Brie Larson and Jacob Tremblay in Room.

A young woman (Brie Larson) and her 5-year-old son, Jack (Jacob Tremblay), are held prisoner in a backyard shed. When Jack manages to escape, resulting in both of them being freed, mother and son must learn to cope with life outside of their prison walls, and reacquaint themselves with their immediate family.

While Larson is excellent in Room, Tremblay is the biggest reason to see this movie. His portrayal of a small boy who has only known one room in his entire life is revelatory; it’s a performance like none other. While Larson has picked up a Golden Globe and a much-deserved Oscar nomination, Tremblay was robbed.

Joan Allen delivers strong work as Jack’s grandma, a woman who is both dealing with the horror that brought him into the world, and loving him from the instant they meet. William H. Macy has a small but memorable part as Jack’s grandpa, a person who can’t get over what happened to his daughter.

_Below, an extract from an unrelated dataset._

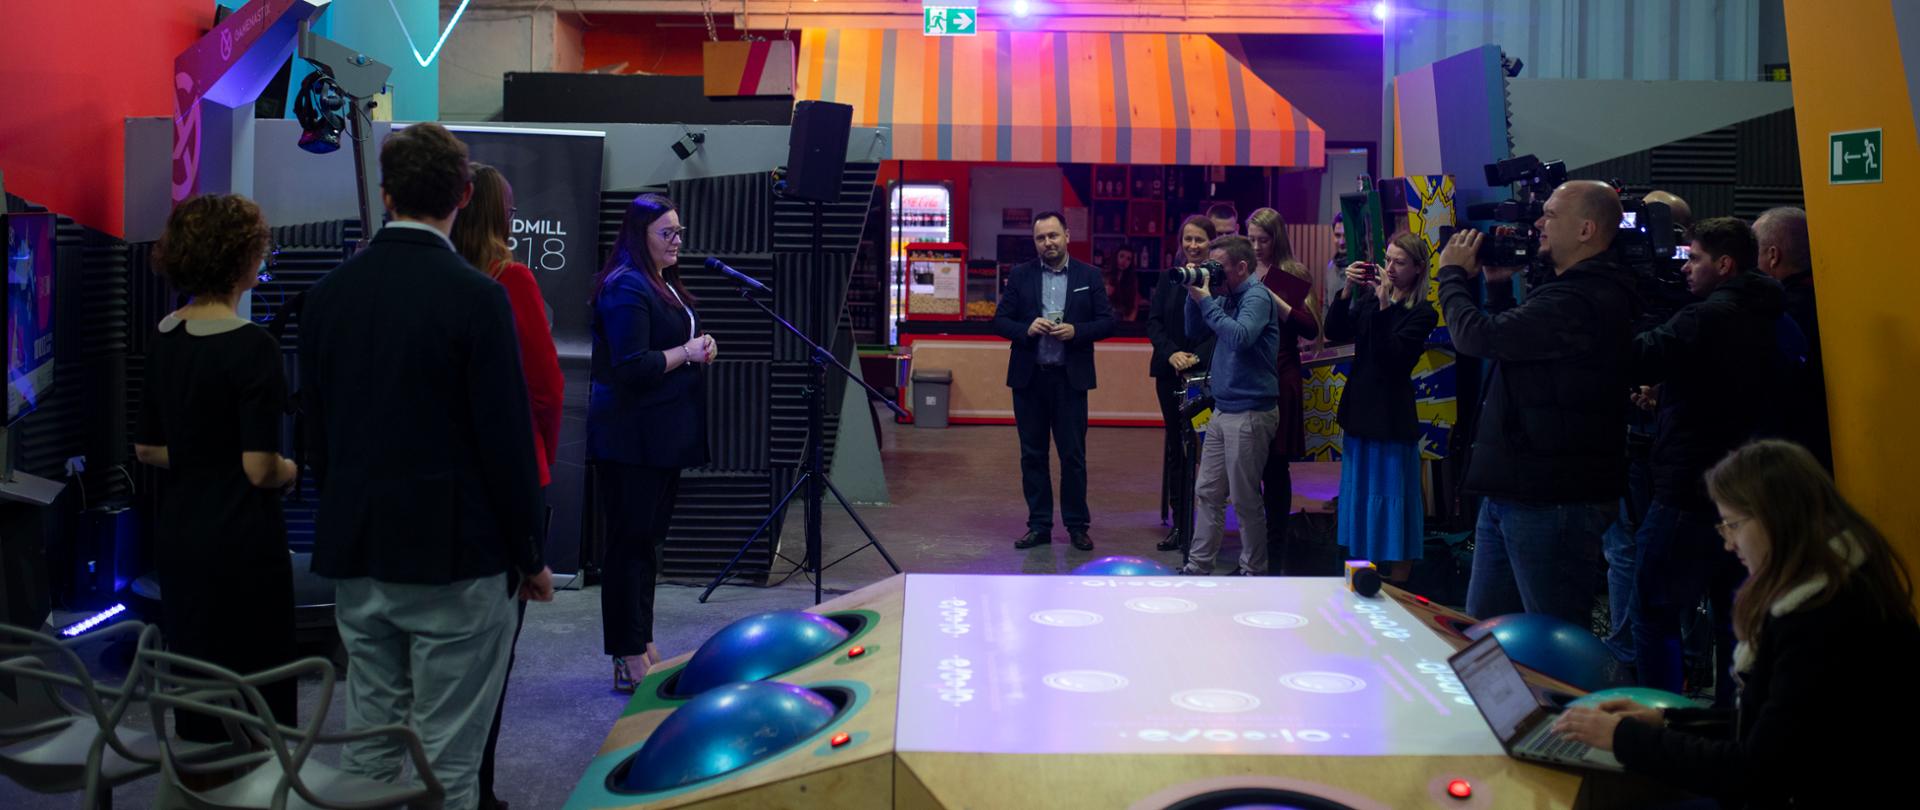 Wnętrze hali, na środku sprzęt do gier VR, po lewej stronie minister Jarosińska-Jedynak, po prawej dziennikarze z kamerami.
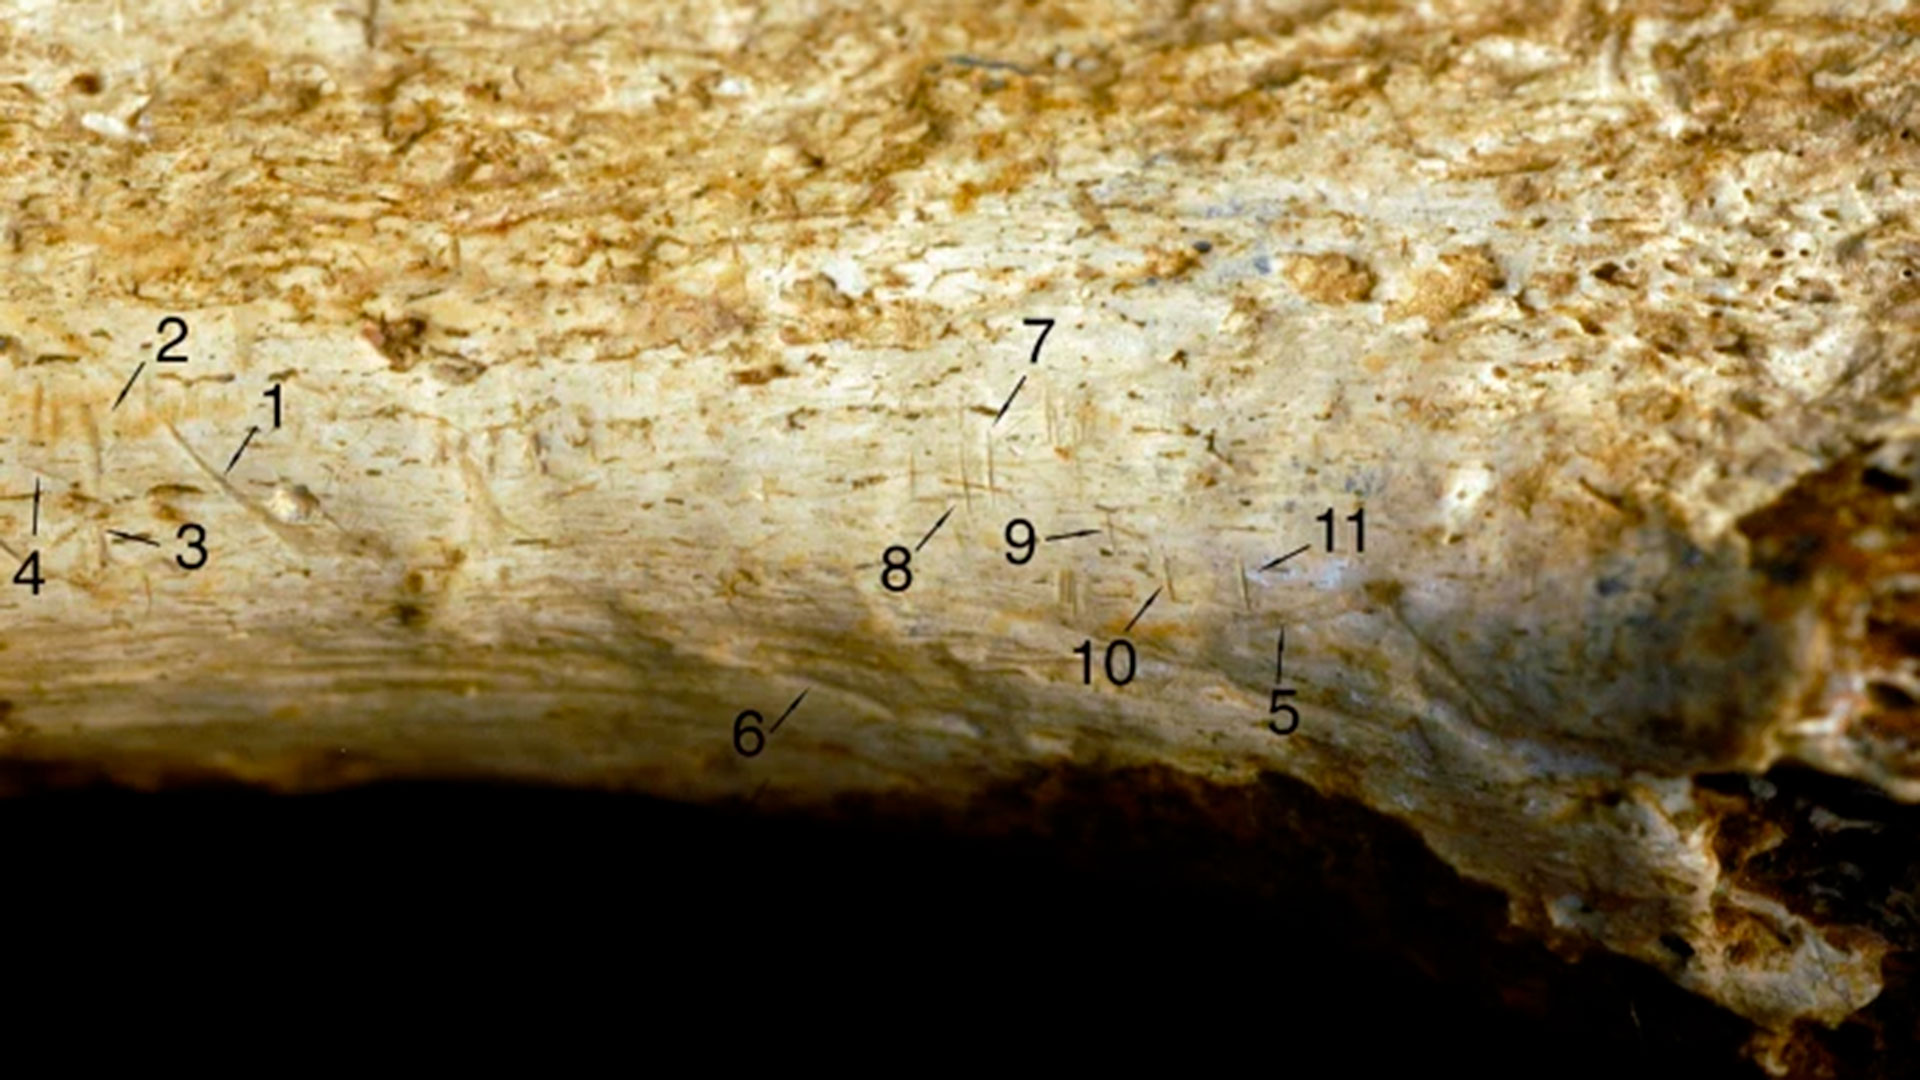 El paleoantropólogo Michael Pante, de la Universidad Estatal de Colorado, identificó nueve marcas como marcas de corte (1-4 y 7-11) y dos como marcas de dientes (5 y 6). (Jennifer Clark)

Lenny Abrahamson, who made last year’s excellent yet relatively unknown Michael Fassbender comedy Frank, directs. Based on his work with these two films, he’s one of the industry’s most interesting directors.

The movie basically plays out in two parts: the imprisonment, and the aftermath. Larson delivers a performance deserving of the accolades, but it’s Tremblay who makes the biggest mark.

Room is now playing at the Cinémas Palme d’Or (72840 Highway 111, Palm Desert; 760-779-0430).